As far back as 2016, BMW Connected became standard on all models, with smarter vehicle control and services for email, news, weather and other text-to-speech functions. Other programmes such as Ford’s Sync 3 and GM’s On Star became standard way back in 2014.

Increasingly automatic functions are driving the technology content of vehicles, and changing who is in control, starting with feet off (cruise control) to hands off (beginning with temporary hands off, lane assist) to eyes off (semi-autonomy) to brain off (full autonomy).

The car is increasingly part of the connected ecosystem. By 2020, 20% of all vehicles on the road worldwide will have some form of network connection, equivalent to 250 million connected vehicles.

The proliferation of vehicle connectivity has implications across the major functional areas of insurance telematics, automated driving, infotainment and mobility services.

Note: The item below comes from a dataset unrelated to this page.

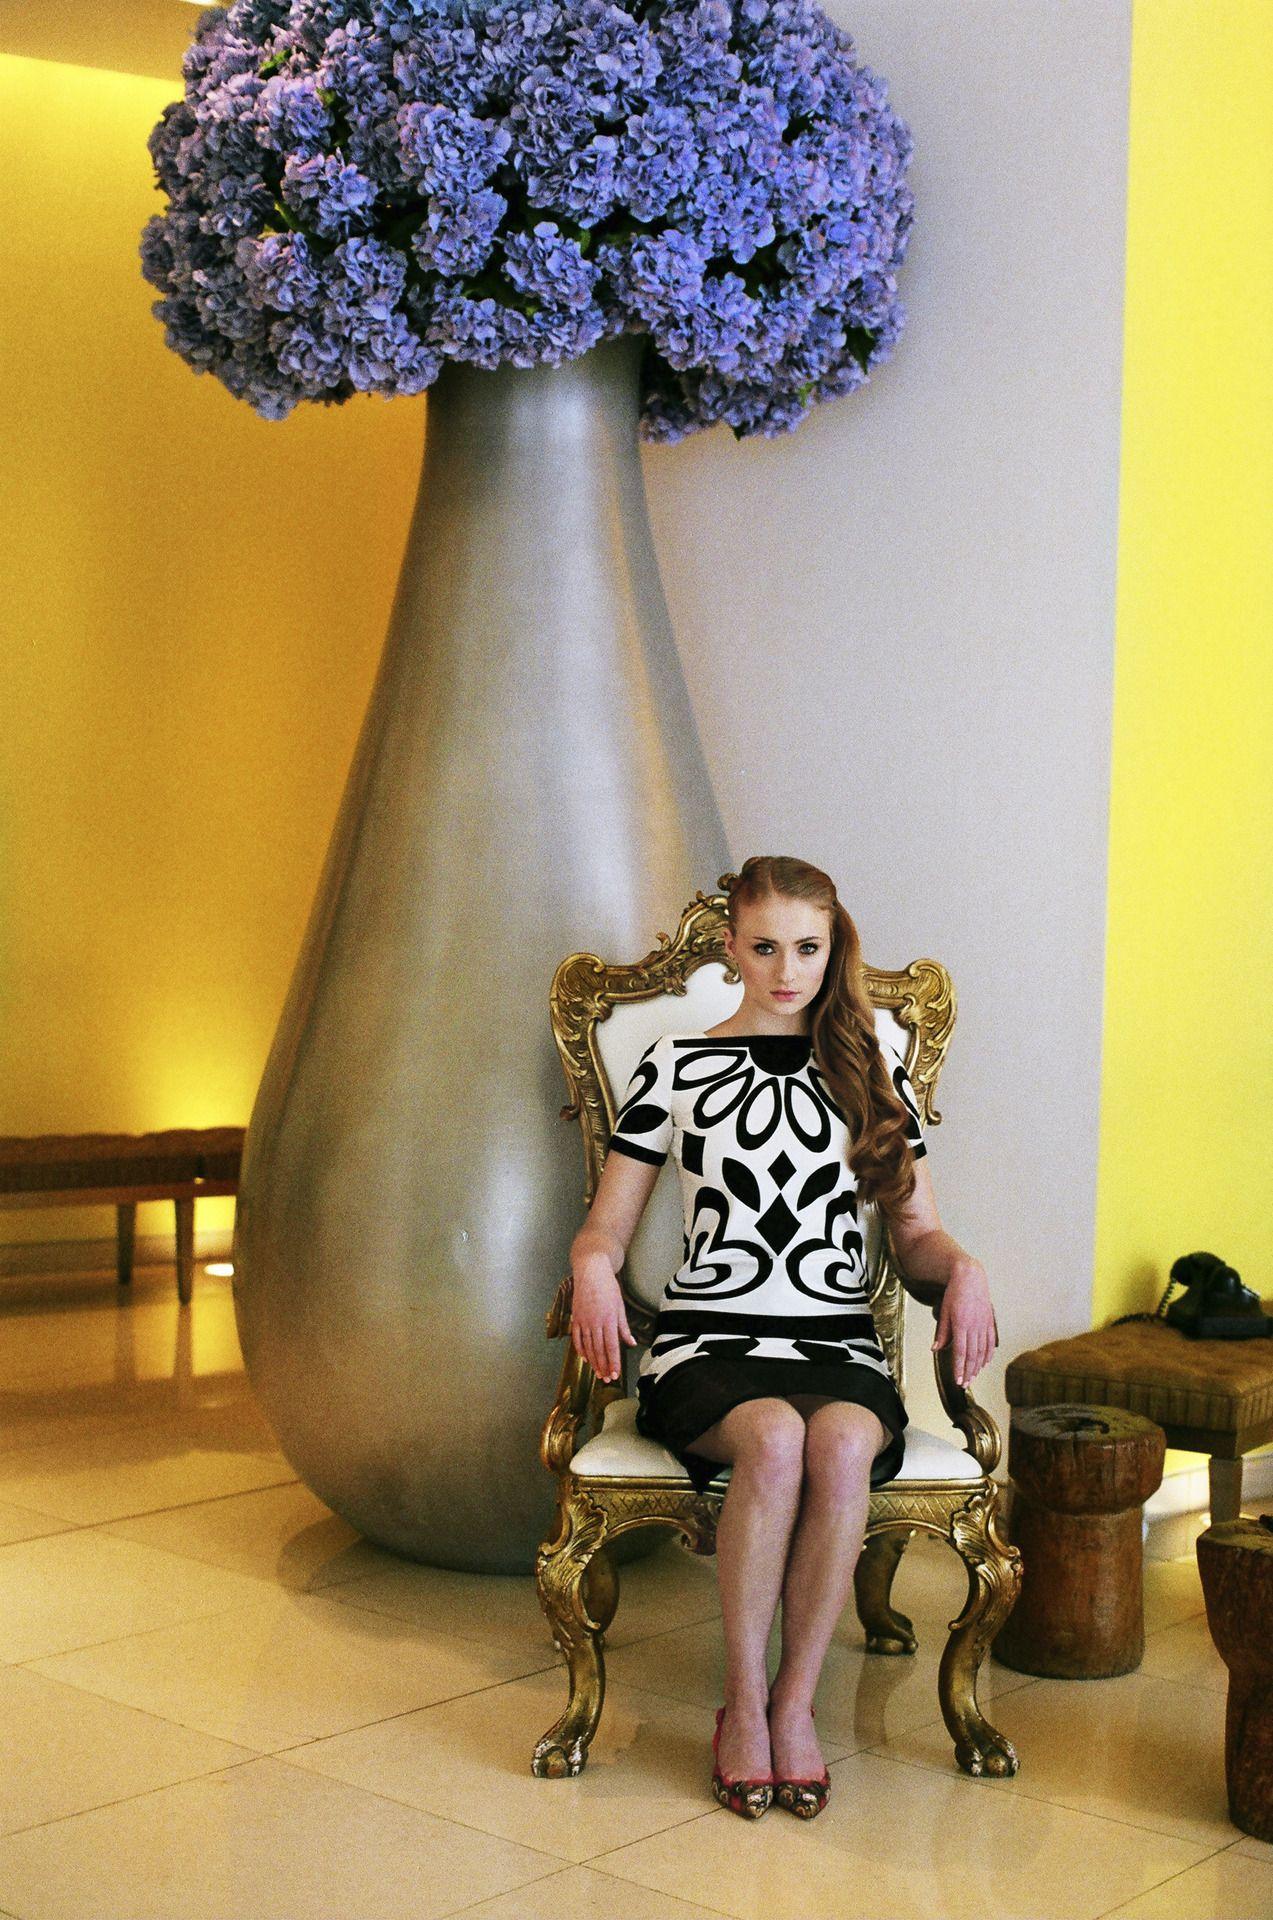 Game of Throne's Sophie Turner for 1883 Magazine / June 2013 photography /Alena Jascanka fashion /Chad Burton

‘The vehicle is very much a part of the Internet of Things,’ commented Dr George Gillespie, CEO of MIRA. ‘It could very well end up being the biggest data source, with connected cars generating data at the rate of 25 gigabytes per day, rising to 300 terabytes, which is the data estimated to be generated by an autonomous vehicle per year.’

But what does all of this mean for the automotive companies and insurance providers in the long term? After all, we are talking about highly-complex vehicles, much more challenging in terms of technology and risk than what insurance deals with today.

By 2021 the UK government intends the country to be well on its way to a driverless future. A legal review is underway to determine some legal questions that will impact on insurance.

Everyone agrees that the period of highest risk will be the ‘fuzzy middle’, the hybrid period when autonomous and driven vehicles will share the roads, and the period of handover when a driver could be suddenly requested by the vehicle to take back control.

There are going to be many factors and technologies to deliver the final product.

There is a popular view that the technology could move quickly beyond autonomy, effectively leaping over this most dangerous phase. Drivers are still necessary in cars but are able to completely shift ‘safety-critical functions’ to the vehicle, under certain traffic or environmental conditions. It means that the driver is still present and will intervene if necessary, but is not required to monitor the situation in the same way as for the previous levels.

In so far as control of the vehicle is going to flip between the human and the machine, for insurance the future is likely to mean a move to real-time risk assurance.

The connected vehicle is going to become the most complex and the most data-rich platform, creating huge challenges for digital vehicle resilience, for identifying critical risks and designing against them.